While I was in my second year of intermediate, Zafar was in his first intermediate year at the Anglo Bengali Inter College, also studying science to pursue the same medical course. I don’t know why he gave it up. 

By 1970, I had chosen to study English honours at Aligarh Muslim University. Zafar too settled on English literature at the prestigious Allahabad University, followed by an MA in English that we both did at our respective universities. That was the time when we started maturing, reading serious stuff. We read Urdu poets like Faiz and Sahir and Majaz, and Urdu novels like Khuda Ki Basti (a critique of Pakistani society) and Quratullain Hyder’s Aag Ka Dariya (River of Fire) and Udas Naslain by Abdullah Husain.

We also read Munshi Premchand and Krishan Chander. We had animated discussions on Kafka, Camus and Herman Hesse’s Steppenwolf apart from Charles Dickens’ A Tale of Two Cities and Thomas Hardy’s The Mayor of Casterbridge. This was when Zafar would visit Aligarh, where both our uncles taught at the university, or when I landed up in Allahabad for vacations at my nani’s (maternal grandmother) place.

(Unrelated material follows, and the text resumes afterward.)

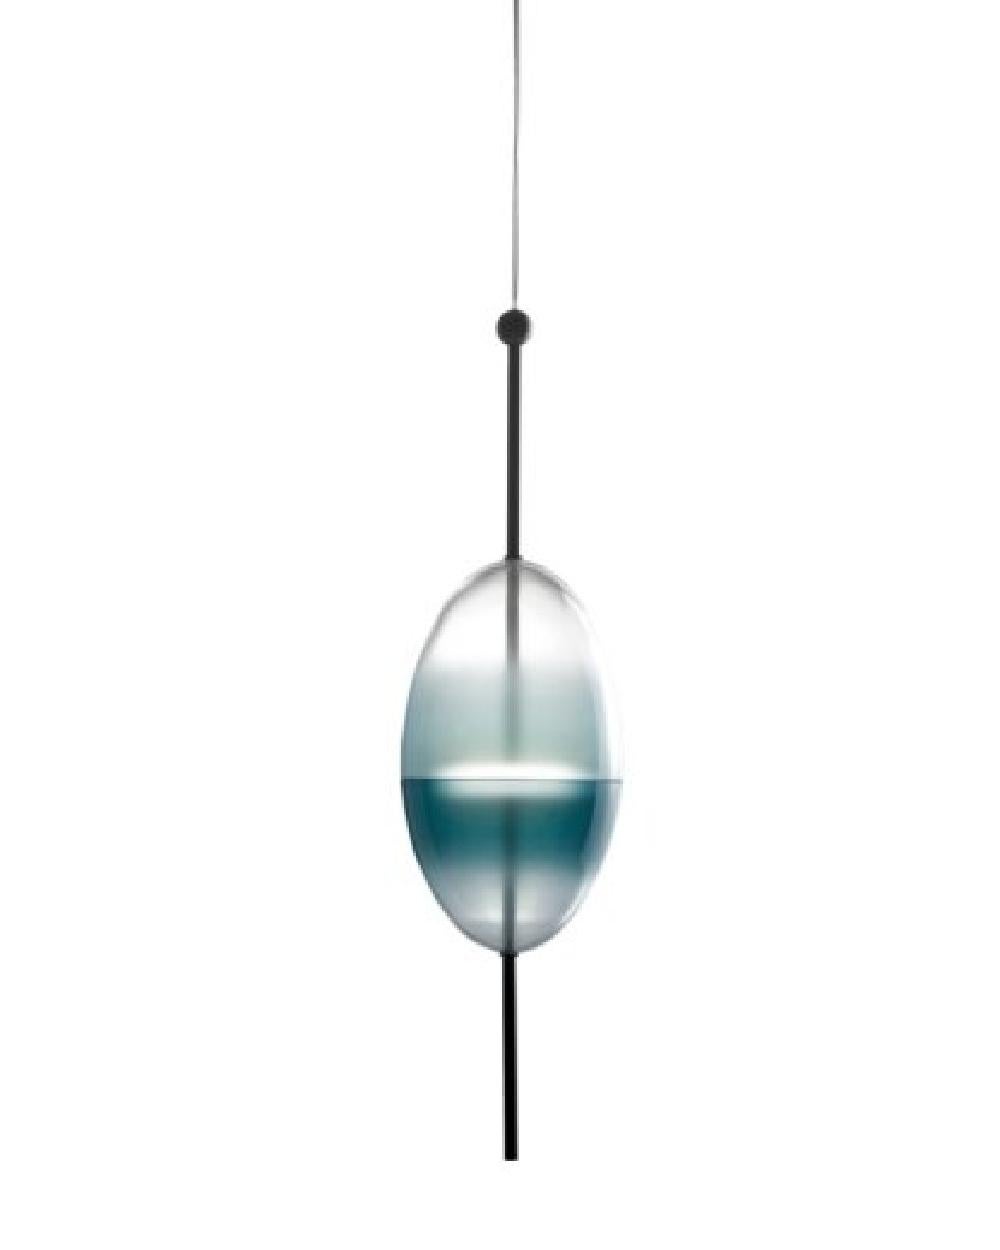 Italian FLOW[T] S1 Pendant lamp in Turquoise by Nao Tamura for Wonderglass For Sale

Both Zafar and I were attracted to student politics through leftist ideology. I joined the SFI, he perhaps joined the AISF. We had to hunt a lot before we both decided on journalism — not due to any focused effort but by sheer chance and situation. Yes, we shared a sense of defiance but over the years, Zafar matured more than I did, becoming more tolerant and more accepting towards friends and acquaintances. I, meanwhile, remain a prickly character, even after my 72nd birthday last December.

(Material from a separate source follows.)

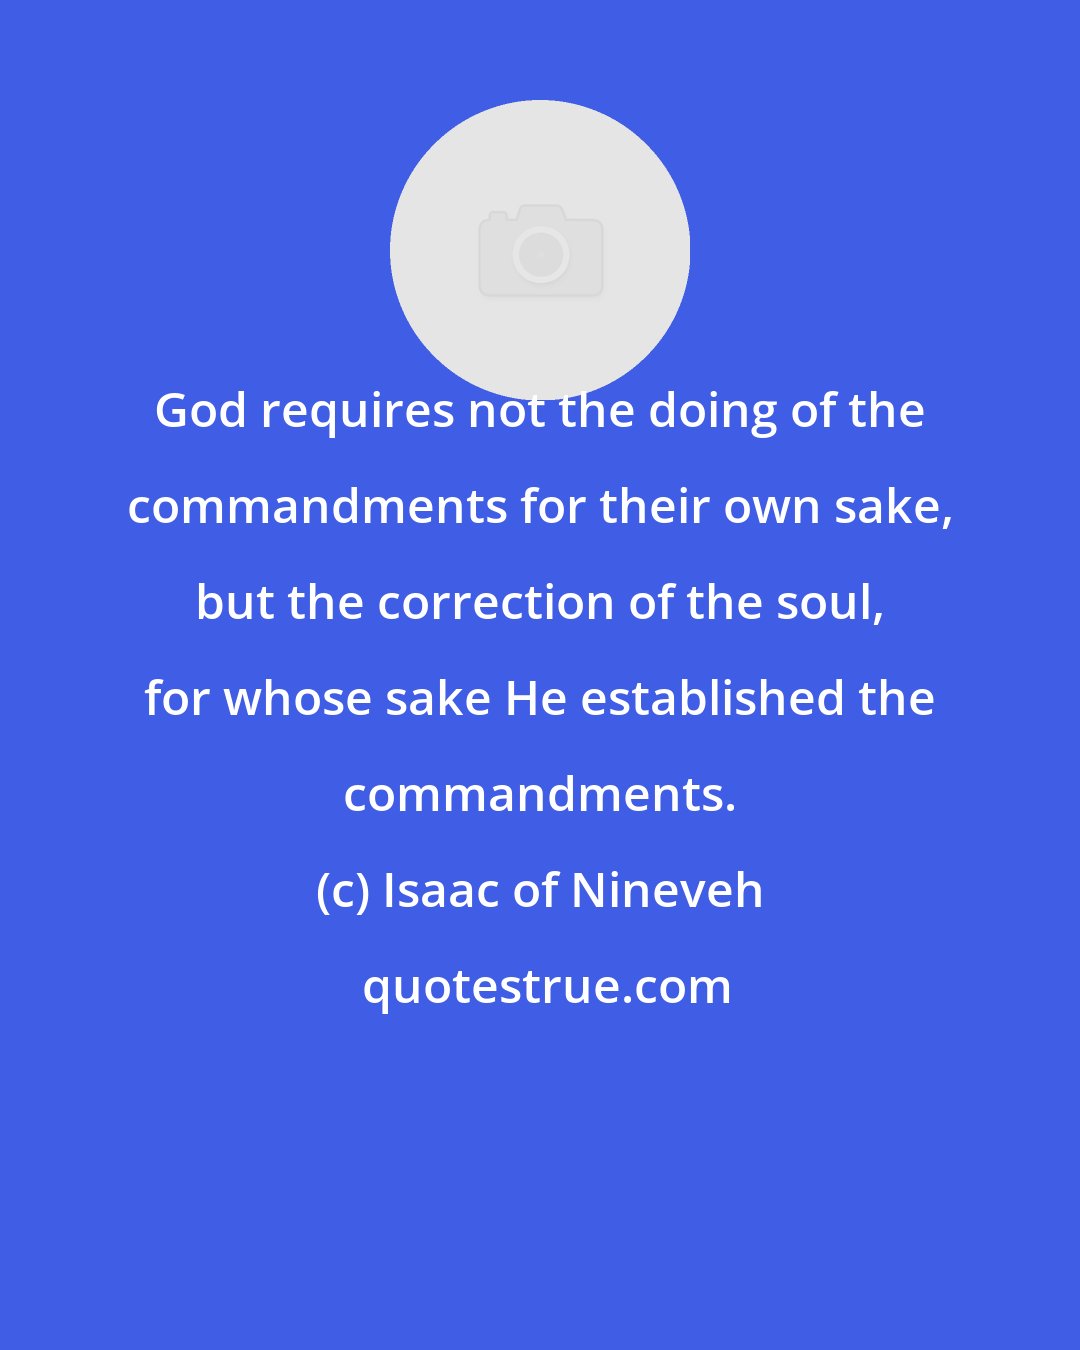 Isaac of Nineveh: God requires not the doing of the commandments for their own sake, but the correction of the soul, for whose sake He established the commandments.

There was another marked difference between him and me. I contracted polio in my infancy and logically should have been physically vulnerable unlike Zafar, born a healthy child. But he had gastric problems through his youth, though he never lost his spirit. 

That was why I called him on his mobile last Tuesday to ask him to come to the Press Club. The phone kept ringing and there was no response. I forgot this altogether, little knowing he was in the ICU at Fortis Hospital. The next day, too, passed this way until Thursday, when a mutual friend, Murali Krishnan, telephoned me from Fortis and informed me about Zafar’s health.

The rest is history well-known to all of us who knew him and participated in his funeral. Goodbye, dear Zafar.